## Problem to work on
Below is a listing from which only part is wanted; return exactly the lines from the one with "Planung der Lesereise startet!" up to and including the one with "Termine für Deutschland".

## Input for this task
Content starts
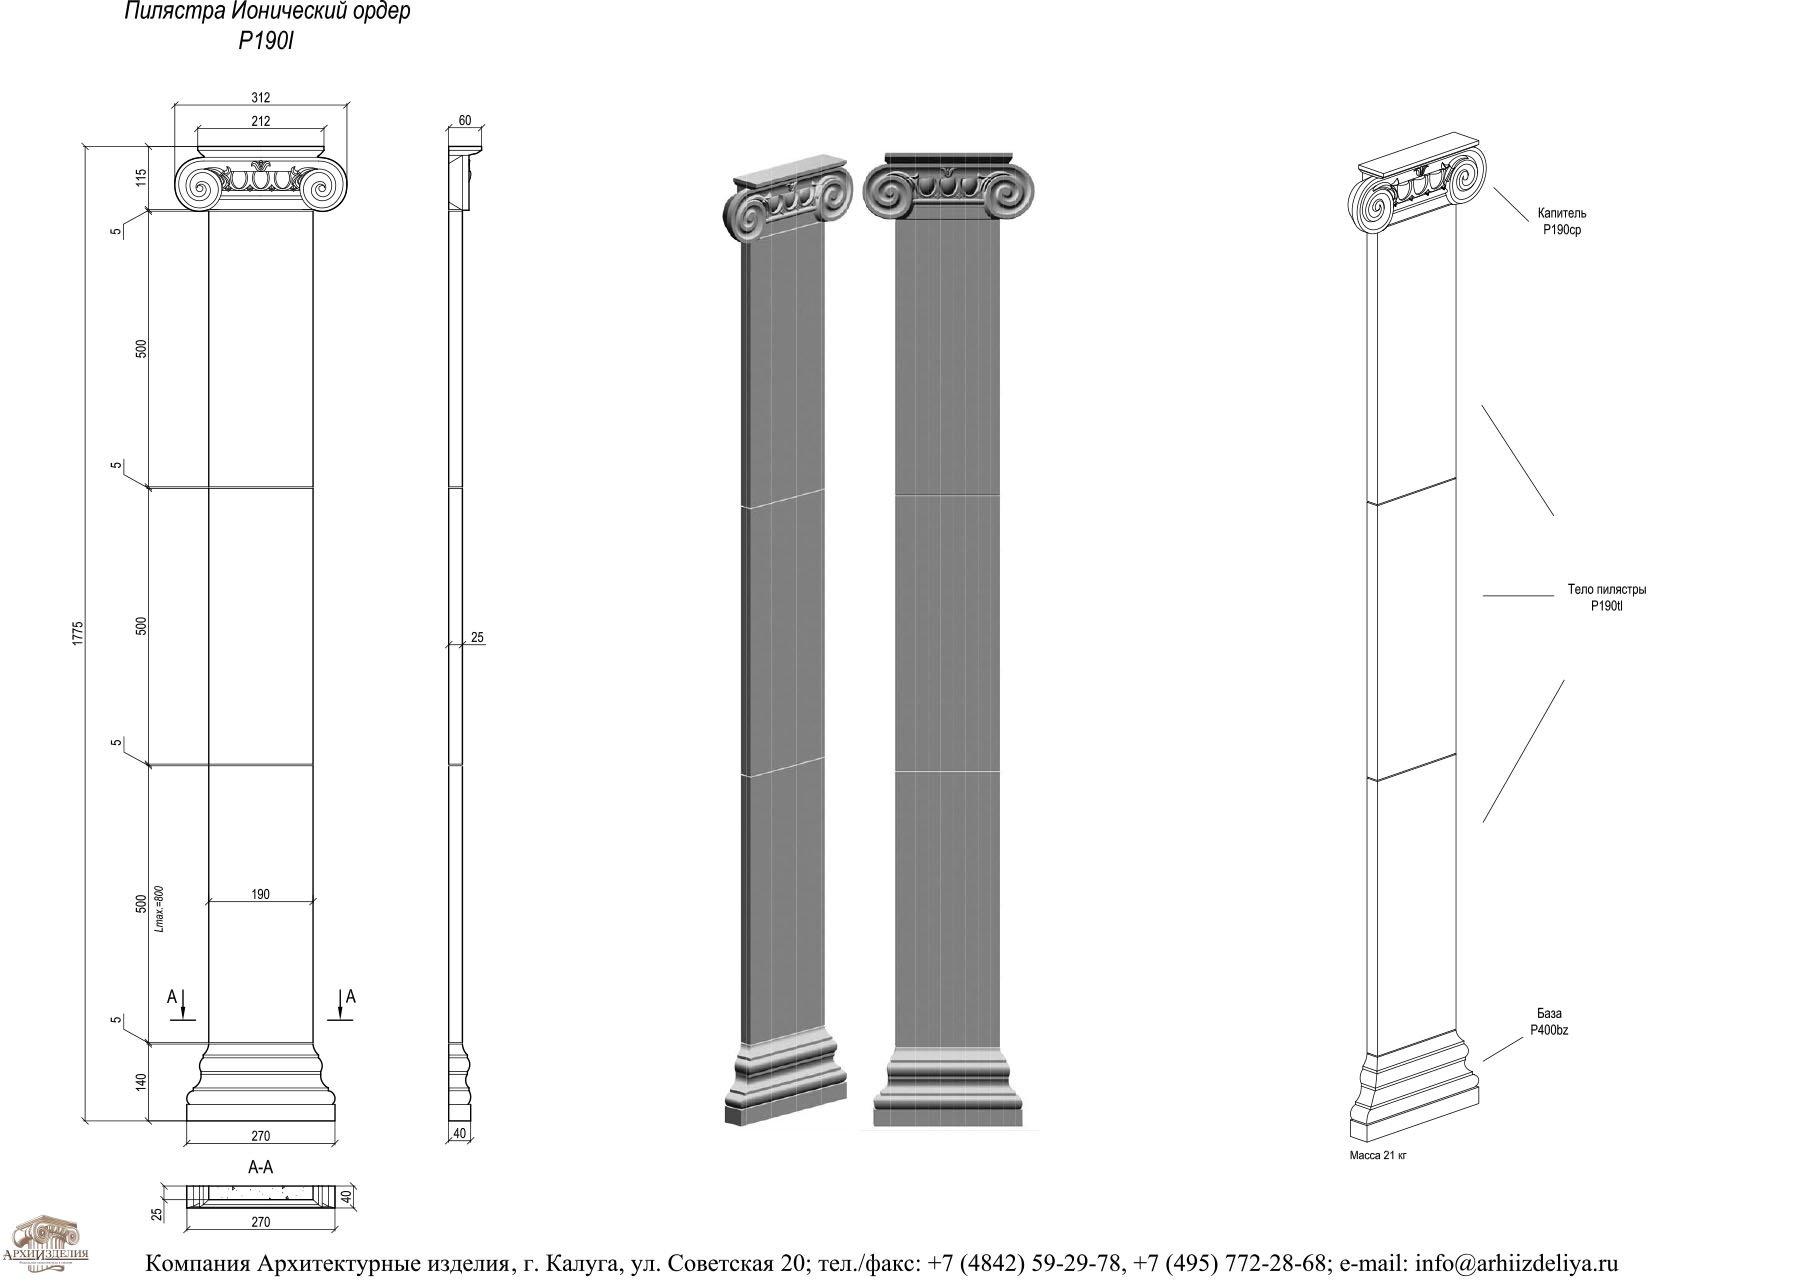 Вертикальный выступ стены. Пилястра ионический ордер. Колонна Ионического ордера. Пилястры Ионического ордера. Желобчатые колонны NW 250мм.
Content ends
Content starts
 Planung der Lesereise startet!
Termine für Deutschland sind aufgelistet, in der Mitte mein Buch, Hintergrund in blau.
Content ends
## Result below
 Planung der Lesereise startet!
Termine für Deutschland sind aufgelistet, in der Mitte mein Buch, Hintergrund in blau.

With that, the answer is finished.